Everyone was either eating or mostly taking a swim on this night of festivity. Derrick was flaunting his 6-pack together with his girlfriend, Diane, with an orange two-piece. Fuck them both for boasting and being so narcissistic. Liam and Joyce were kissing in the bar, with an orange cocktail placed under their slithering tongues. Gandy and Sam were playing billiards, the unmoved 5-ball stared at me like a gouged eyeball. Connor, already drunk as a skunk, was singing in the karaoke. I swore I was gonna push him to the pool and let him drown if he asked me again, "Is orange a fruit or a color?" 

Only a few were dancing with their citrus hats and balloons. Soon enough, they'd start the countdown to welcome the new year. As for me, I went inside my room like a mouse scampering into its hole. I couldn't stand any more of it. The threads of my shirt seemed to enjoy scrubbing its infernal color against my skin. Once inside, I quickly stripped it off, leaving only my pants and shoes which I removed next.

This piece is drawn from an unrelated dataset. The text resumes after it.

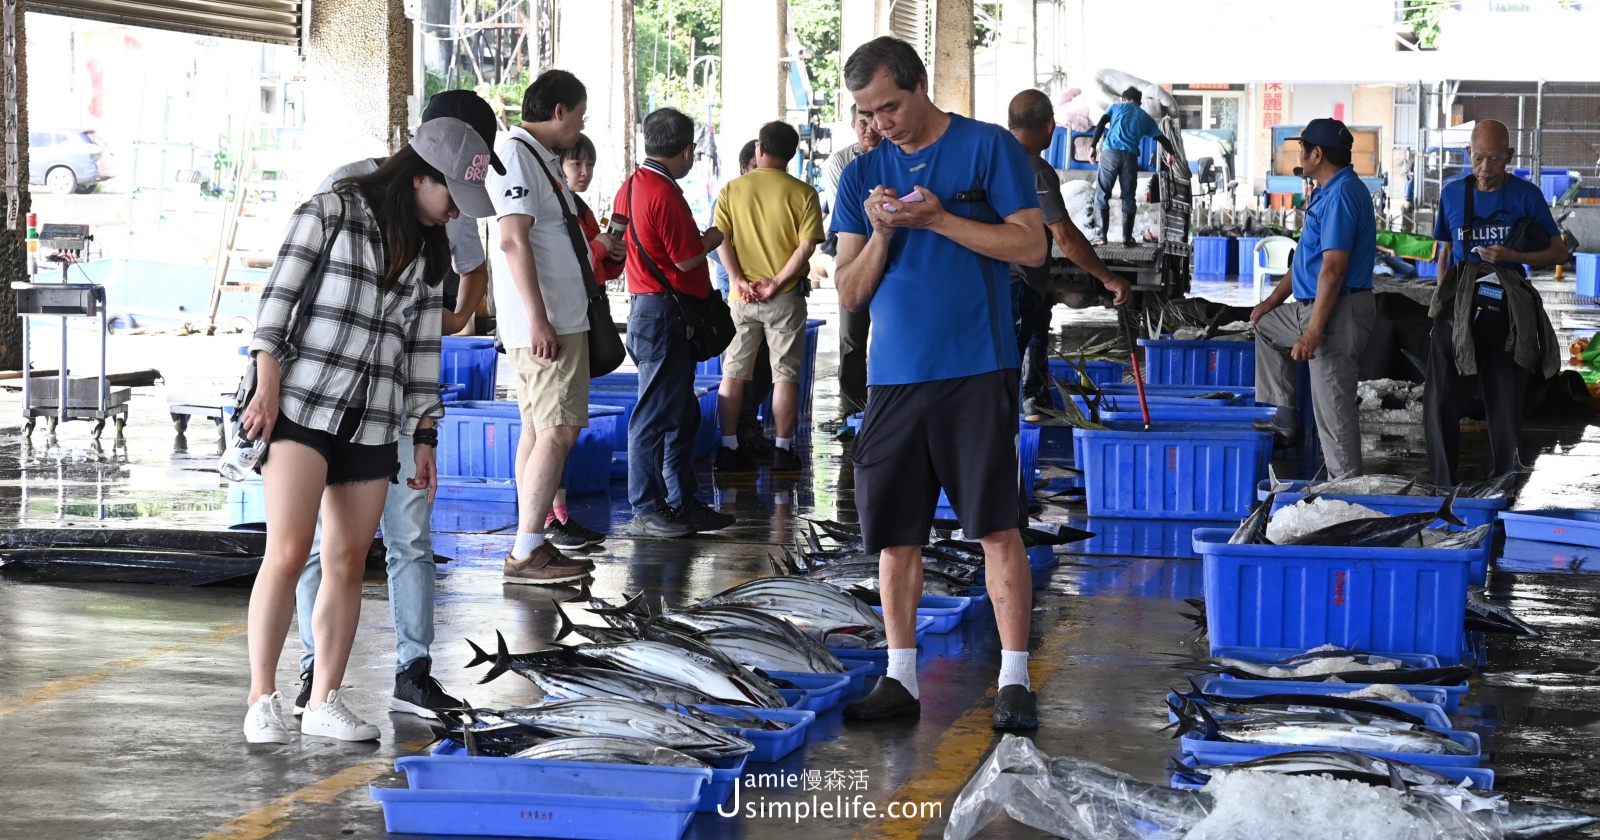 東部海岸最大！旗魚、海產漁獲當天新鮮供應「新港漁港」

I stepped to the bathroom and my feet soiled the white tiles. My hands worshiped the white walls as I leaned my back on it. Then I looked at myself in the mirror by the tap. With my eyes, I explored my body, pale, skinny, and dotted by minuscule hairs. My nipples were as hard as marble. They pointed like they're going to rip off my chest as I failed to resist the arousal of my own nudity. I was also hard. So I plodded over to the sliding door where the shower was waiting. Squeak. I let the cold water trickle on my face, on my shoulder, on my chest, on my crotch. It was heavenly. Then someone knocked on the door. 

I didn't budge. It's probably Connor. But harder, it continued. Harder and louder. For the love of Christ, I put my underwear on, not orange but red, and grabbed a towel which was thank God, blue. I got out of the bathroom and left the shower on. Tightening the towel around my waist, I opened the door. No one's there. Only the hellish decorations. But I could hear the sons of bitches counting backward. It's almost midnight. 

 10... 9... When I heard a thud in the bathroom, I removed all my clothing again. 

 8... 7... I got back in. The mirror was a blur of moisture now. 

6... 5... I looked for the origin of the stone-like sound before. The shower was pouring strong, the shuushh was loud, faltering all the noise but still, I heard the... 

4... 3... I stepped in the shower and heard a distinct high-pitch swiiiipp as my foot violently cartwheeled to the right. 

2... 1... The world flipped horizontally and there I knew I fucked up while all the people I hate were cheering outside. 

"HAPPY NEW YEAR!"

The next thing I knew, I was lying on the floor, paralyzed, rivulets of shower water cascading on my body. While the slow contamination of red liquid flowed all over the dirty white tiles. Naked. They would find me butt-naked. The fireworks exploded but became muffled as I became dizzier and dizzier. Then I saw something sliding, its momentum decreasing. Brighter even in the shadows. It must have ricocheted on the wall after I stepped on it. Now it stopped directly to my eyes. It's a soap, I saw. It's a goddamn orange soap.